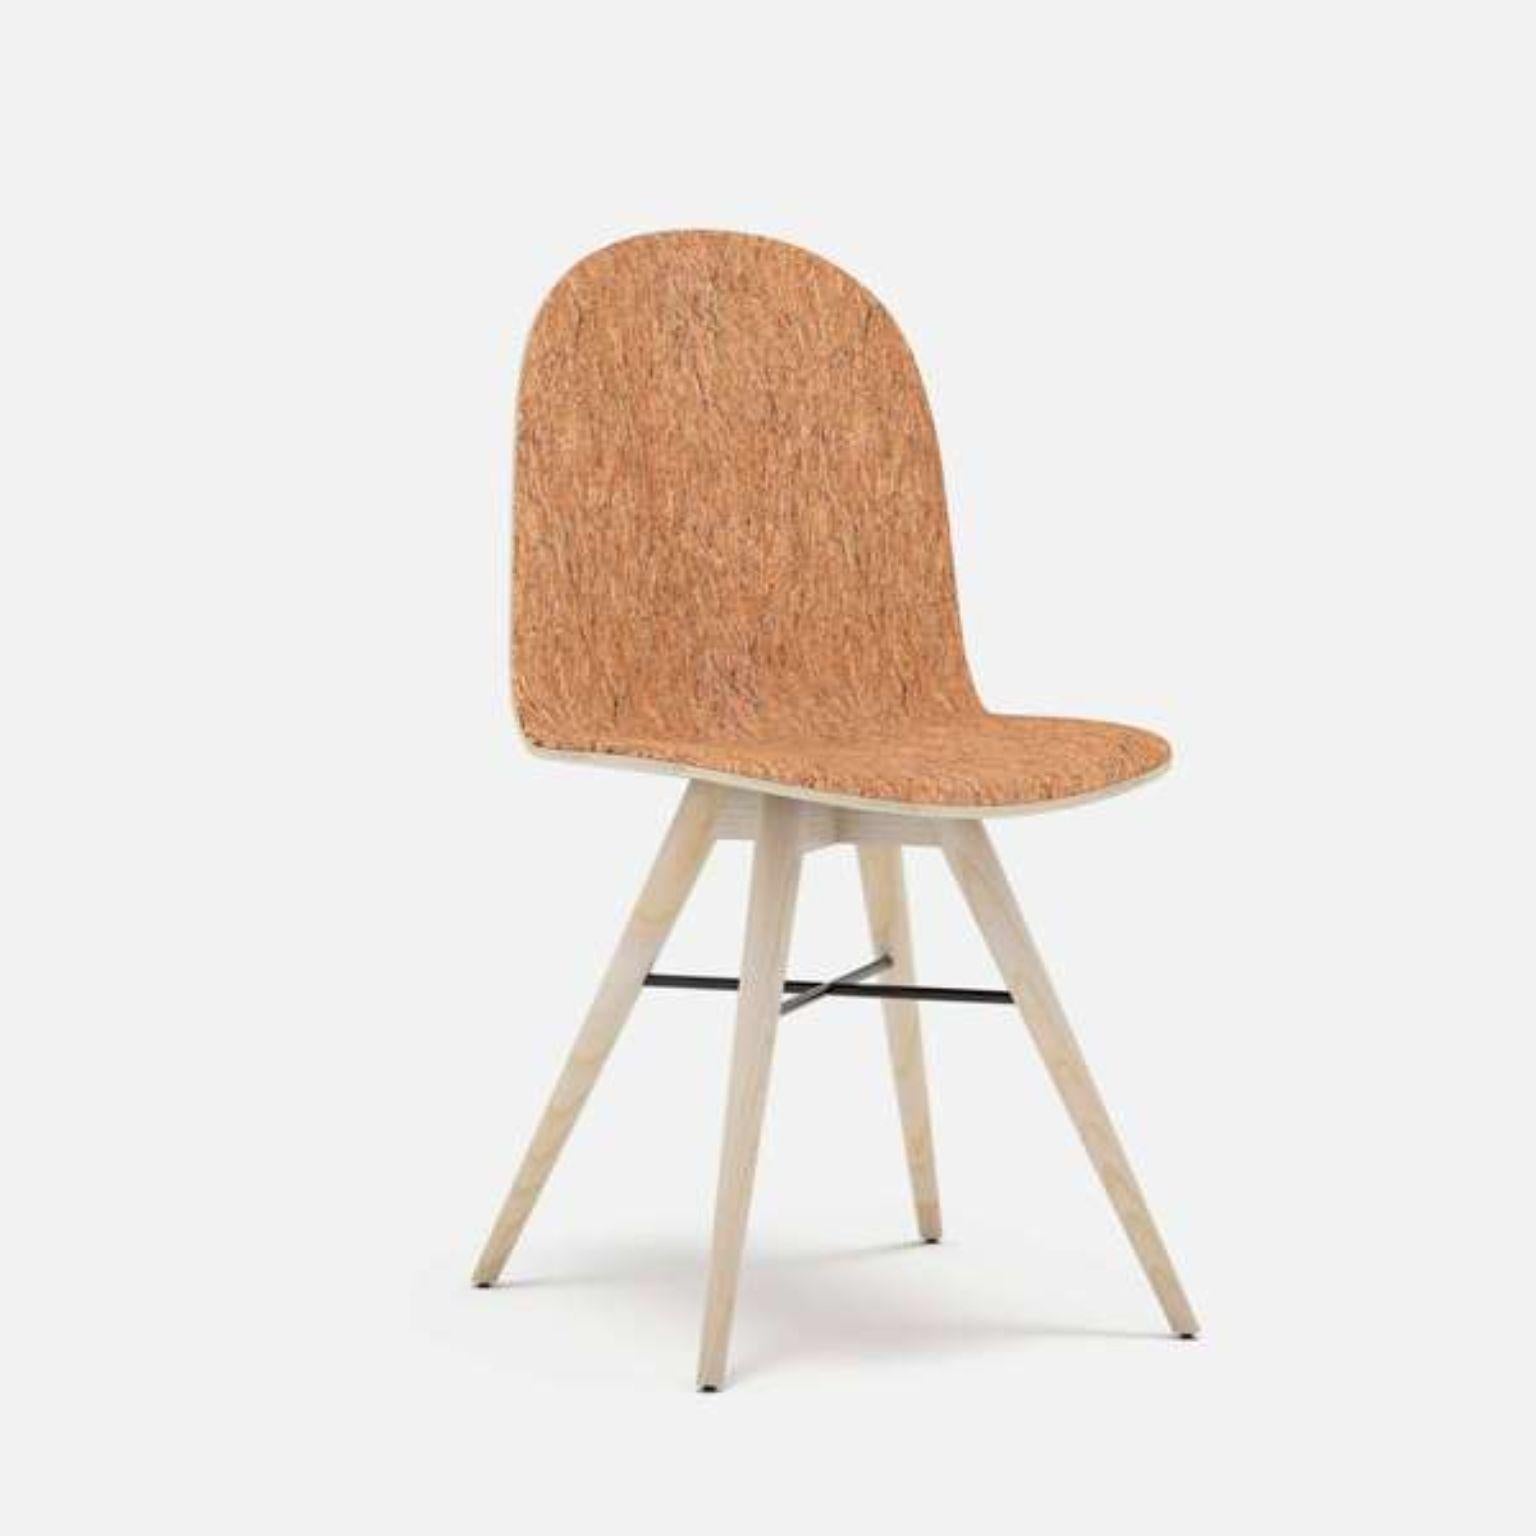 Ash and Corkfabric contemporary chair by Alexandre Caldas
Dimensions: W 40 x D 40 x H 80 cm
Materials: Ash solid wood, corkabric

Structure available in beech, ash, oak, mix wood
Seat available in fabric, leather, corkfabric.


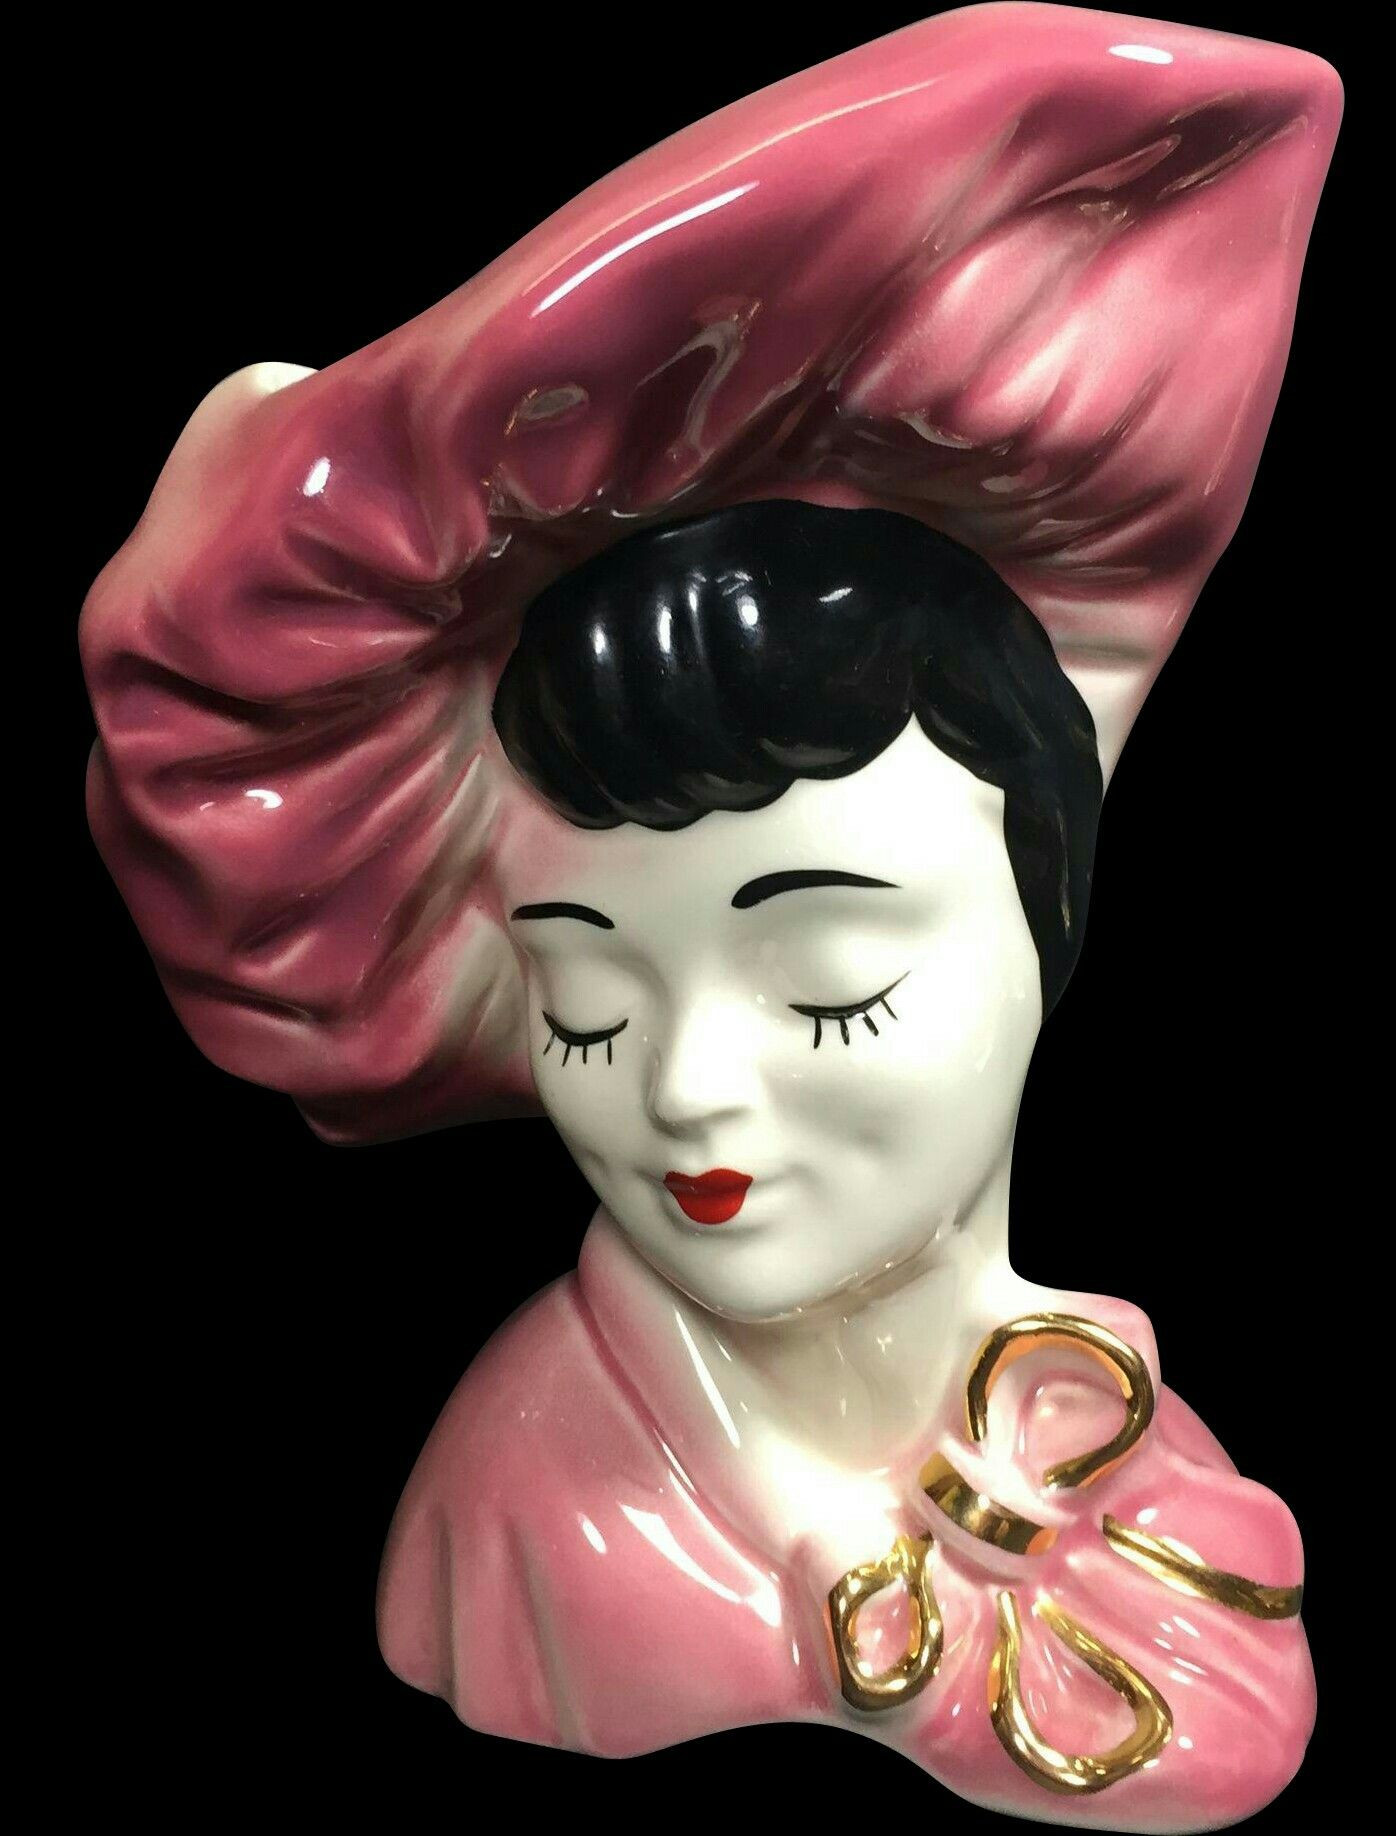 14 Fashionable Cameo Girl Head Vases Sale 2022 free download cameo girl head vases sale of pin by isabel tauste on lady head vases pinterest for vases inarco head vase

• _Task_: Your copy of the records must match them exactly, except that no pictures appear in it.

• _Task result_:
 Ash and Corkfabric contemporary chair by Alexandre Caldas
Dimensions: W 40 x D 40 x H 80 cm
Materials: Ash solid wood, corkabric

Structure available in beech, ash, oak, mix wood
Seat available in fabric, leather, corkfabric.


 14 Fashionable Cameo Girl Head Vases Sale 2022 free download cameo girl head vases sale of pin by isabel tauste on lady head vases pinterest for vases inarco head vase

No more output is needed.